First, Suze Orman endorses the protests:
I want to publicly say thank you to the Occupy Wall Street movement. Thank you for not accepting
the status quo. Thank you for not assuming there is nothing to be done. Thank you for rattling the
cages. Much coverage of Occupy Wall Street has cast this as the beginning of something new. That’s
only partly true. What I find so encouraging is that Occupy Wall Street’s more important message is
that this marks an end point. An end to just shrugging and putting up with the inequity. An end to
patiently waiting for government to get its act together and take steps to reduce the pain felt by
millions of Americans who are unemployed, the millions more who are underemployed, and the
millions more again who worry that if we indeed slip into a double dip recession they will soon
become unemployed. An end to letting Washington just continue further down its dysfunctional dark
hole without being called out.
I think we can definitely say that the effort to dismiss the whole thing as a bunch of smelly ignorant
hippies has failed.
Second, I’m a bit behind on this, but the Times had an excellent piece yesterday on what the lords of
finance are saying in private. Whiners take all!
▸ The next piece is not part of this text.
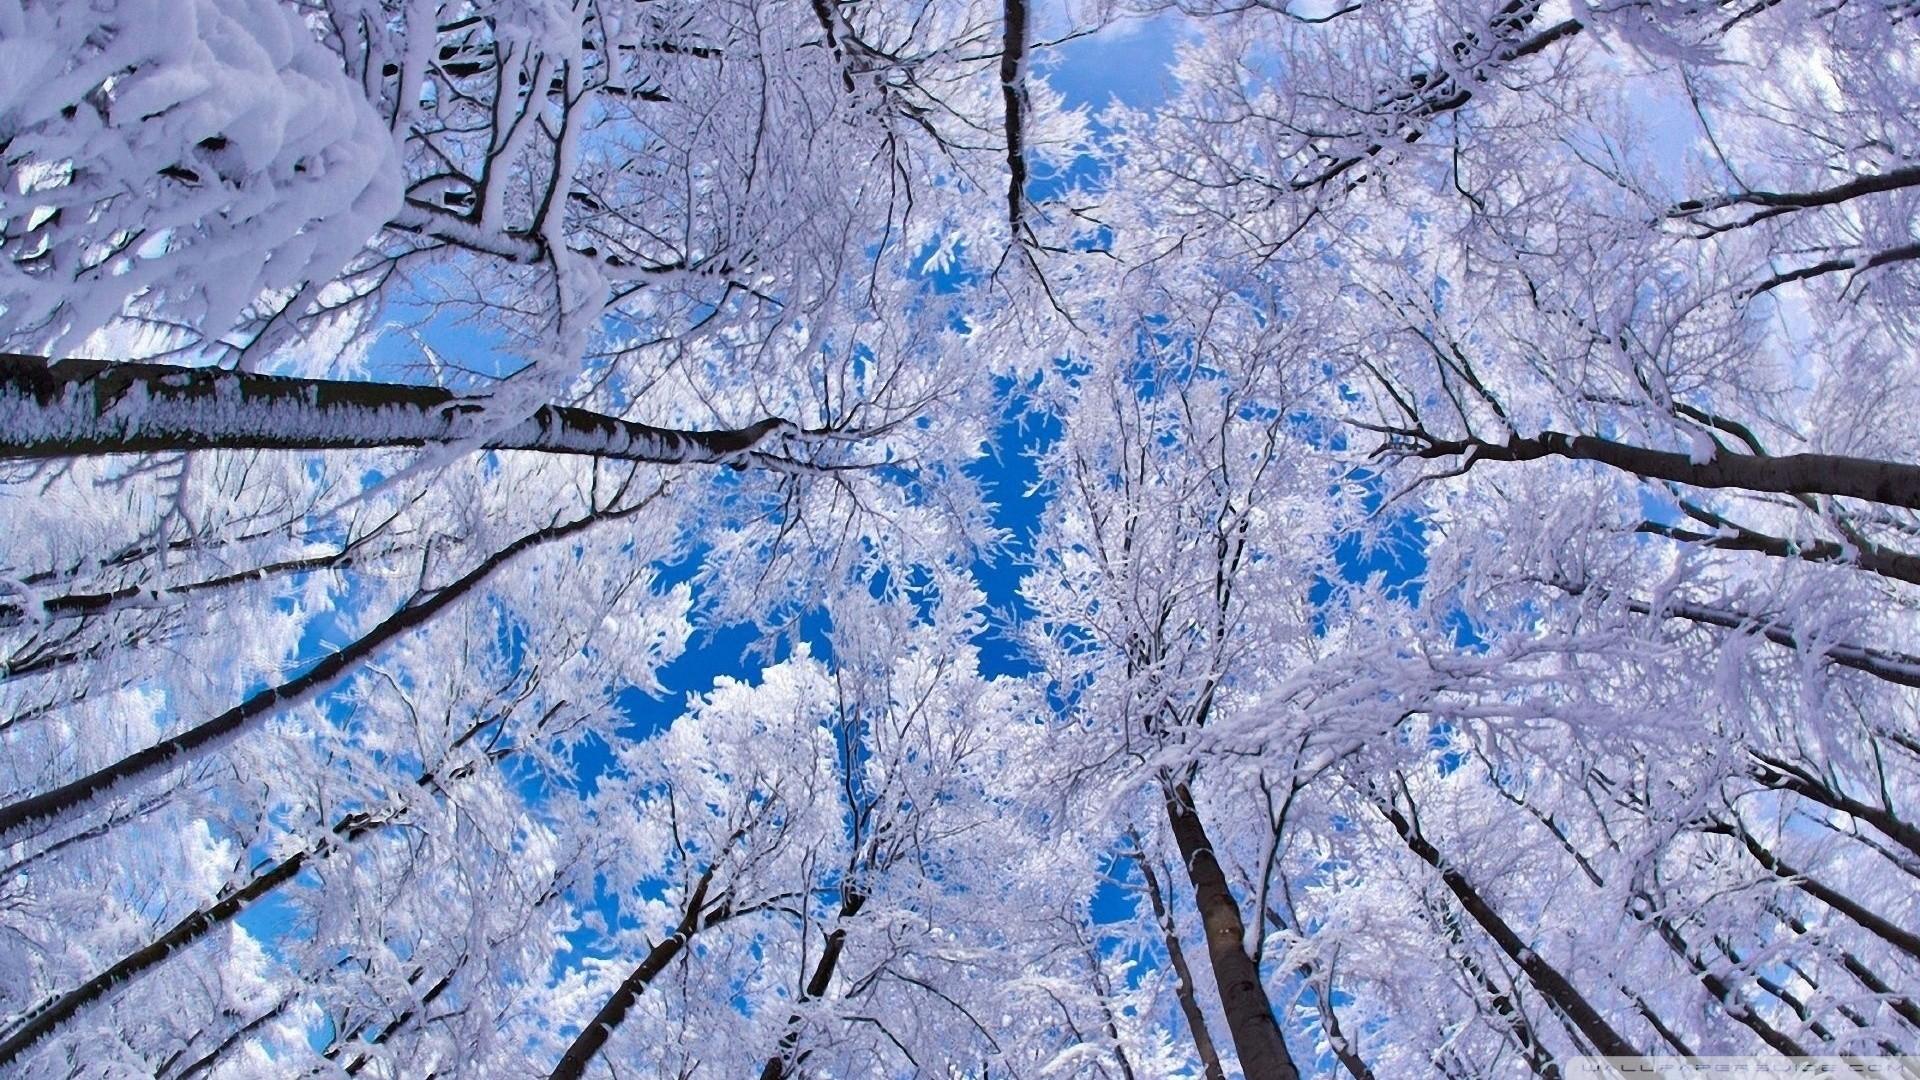 Snowfall Wallpaper Hd 1080p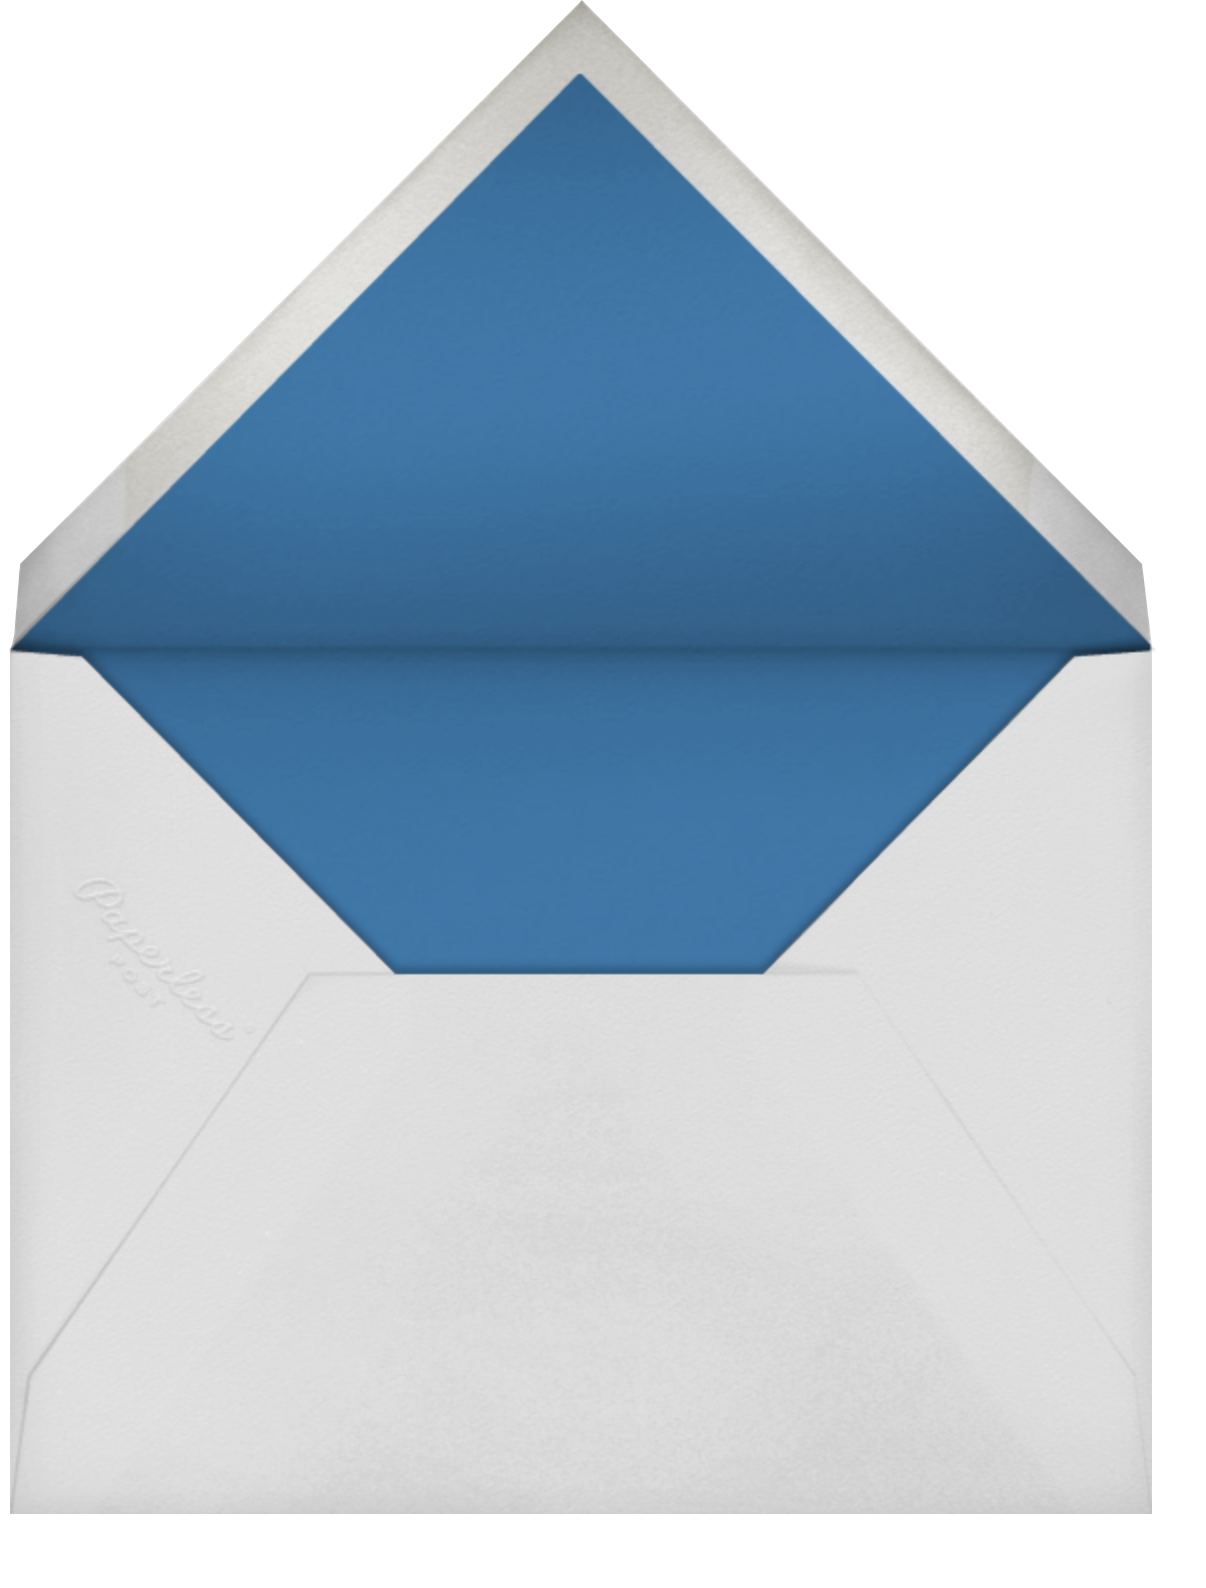 Gold Menorah - Antwerp - Paperless Post - Hanukkah - envelope back

I especially liked the guy who said that we must treat finance nicely because it’s the only thing
America is still good at. Aside from the fact that this is an insult to American workers, who are
actually quite productive in a lot of areas given a chance, how, exactly, did we become a society in
which so many of our elite students end up going into finance? Was that, you know, sort of a choice
— and a bad one?
It’s also useful, for a bit of perspective, to go back to another good Times article from the summer of
2007, The Richest of the Rich, Proud of a New Gilded Age :
These days, Mr. Weill and many of the nation’s very wealthy chief executives, entrepreneurs and
financiers echo an earlier era — the Gilded Age before World War I — when powerful enterprises,
dominated by men who grew immensely rich, ushered in the industrialization of the United States.
The new titans often see themselves as pillars of a similarly prosperous and expansive age, one in
which their successes and their philanthropy have made government less important than it once was.
The prosperity, such as it was — it never did trickle down much — is gone. But these guys still think
they earned it all, and the rest of us should be grateful to have them.